**** Data for review ****

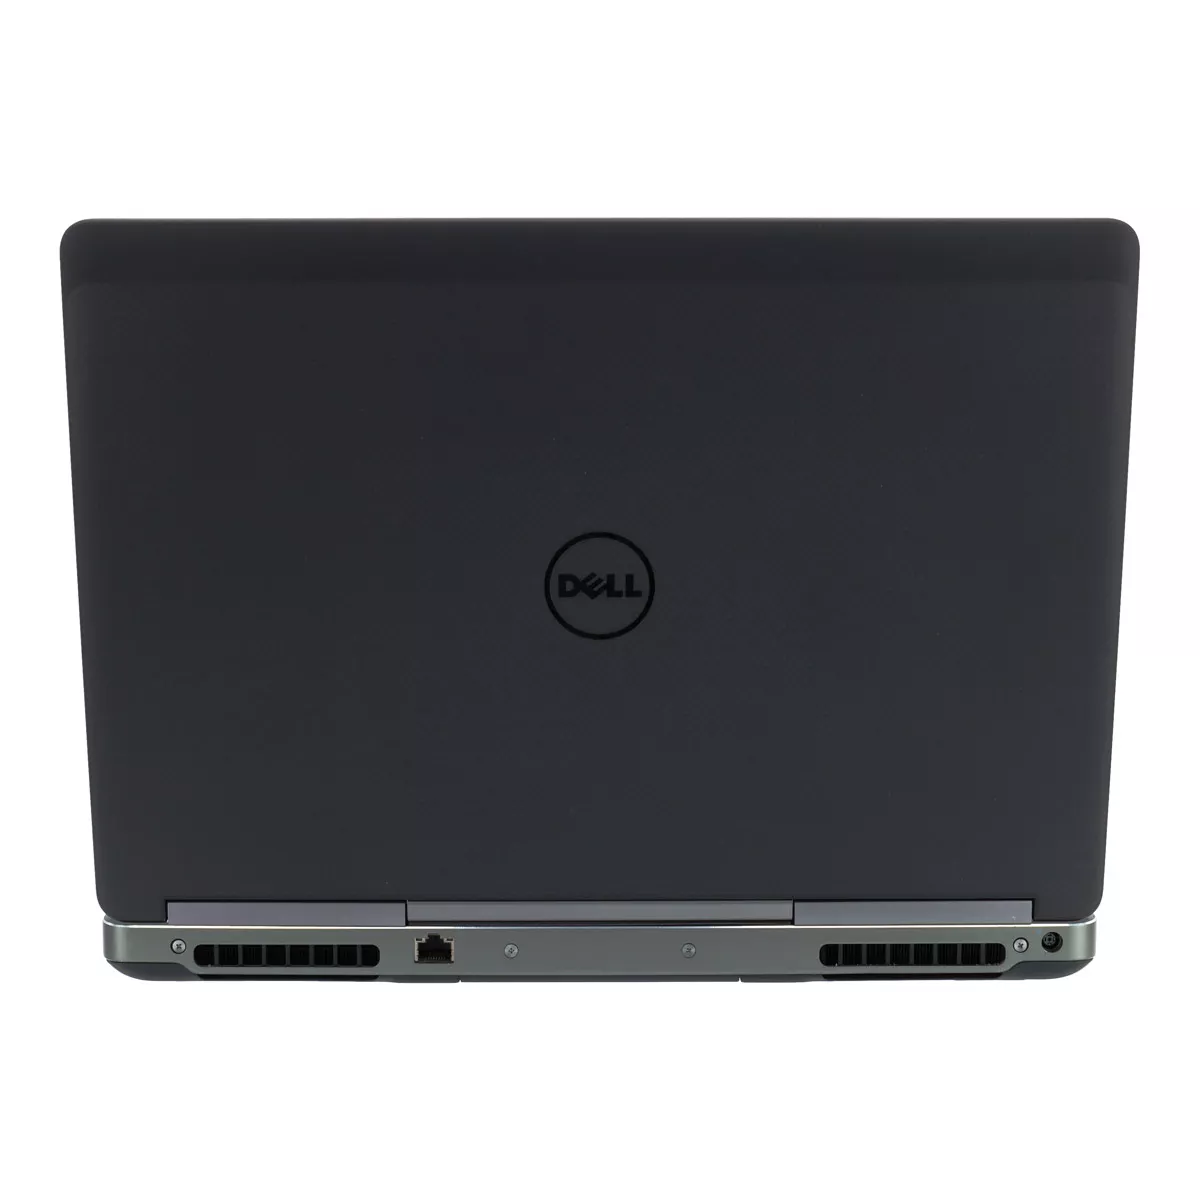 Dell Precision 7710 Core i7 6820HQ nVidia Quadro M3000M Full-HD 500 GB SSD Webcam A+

****
**** Data for review ****

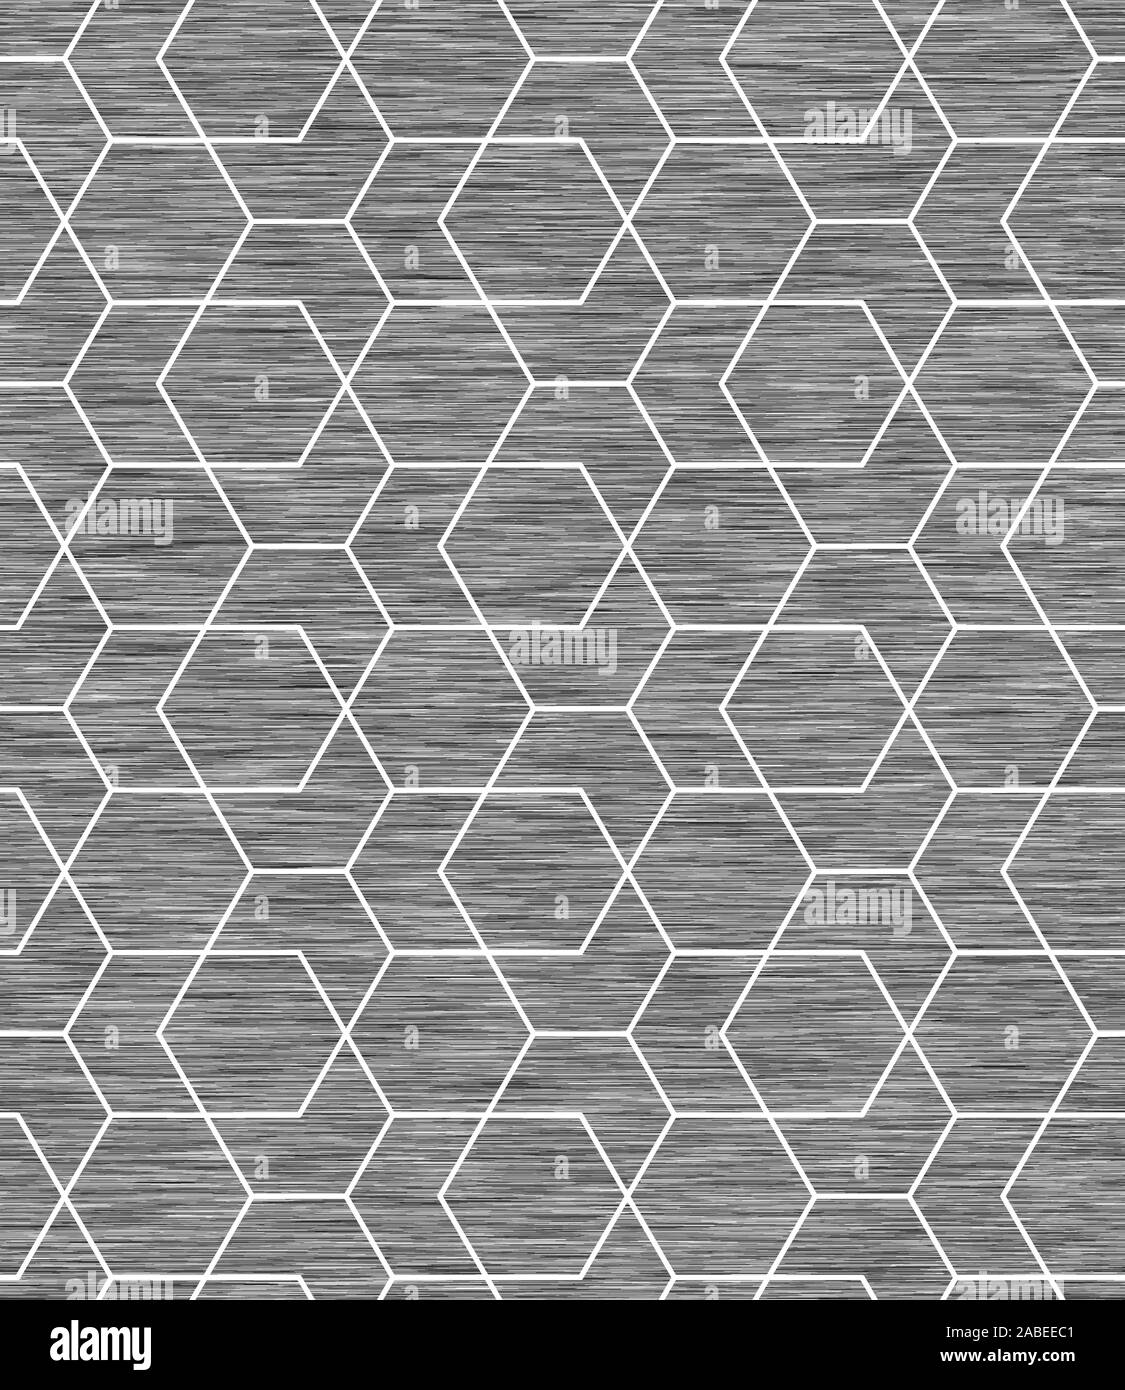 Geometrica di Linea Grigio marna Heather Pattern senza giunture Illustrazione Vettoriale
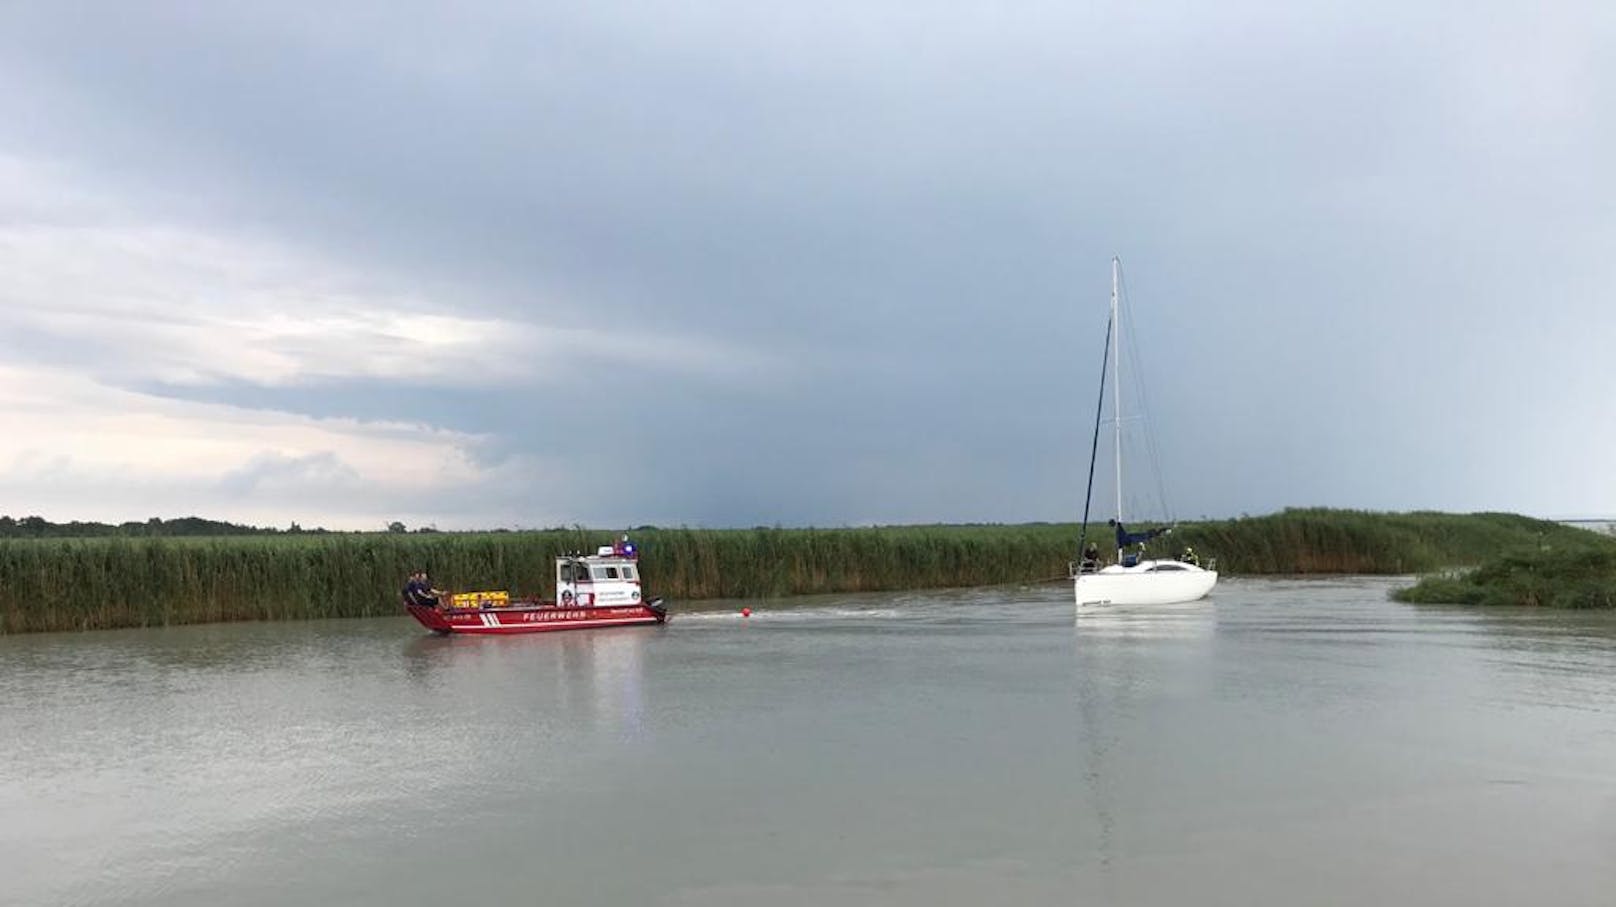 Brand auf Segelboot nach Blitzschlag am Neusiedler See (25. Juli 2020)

****

> _Exercise brief_
Among the entries above, take the line with "Geometrica di Linea", the line with "Brand auf Segelboot", and all the lines between them, and restate them word for word without pictures.

> _Solved exercise_
 Geometrica di Linea Grigio marna Heather Pattern senza giunture Illustrazione Vettoriale
 Brand auf Segelboot nach Blitzschlag am Neusiedler See (25. Juli 2020)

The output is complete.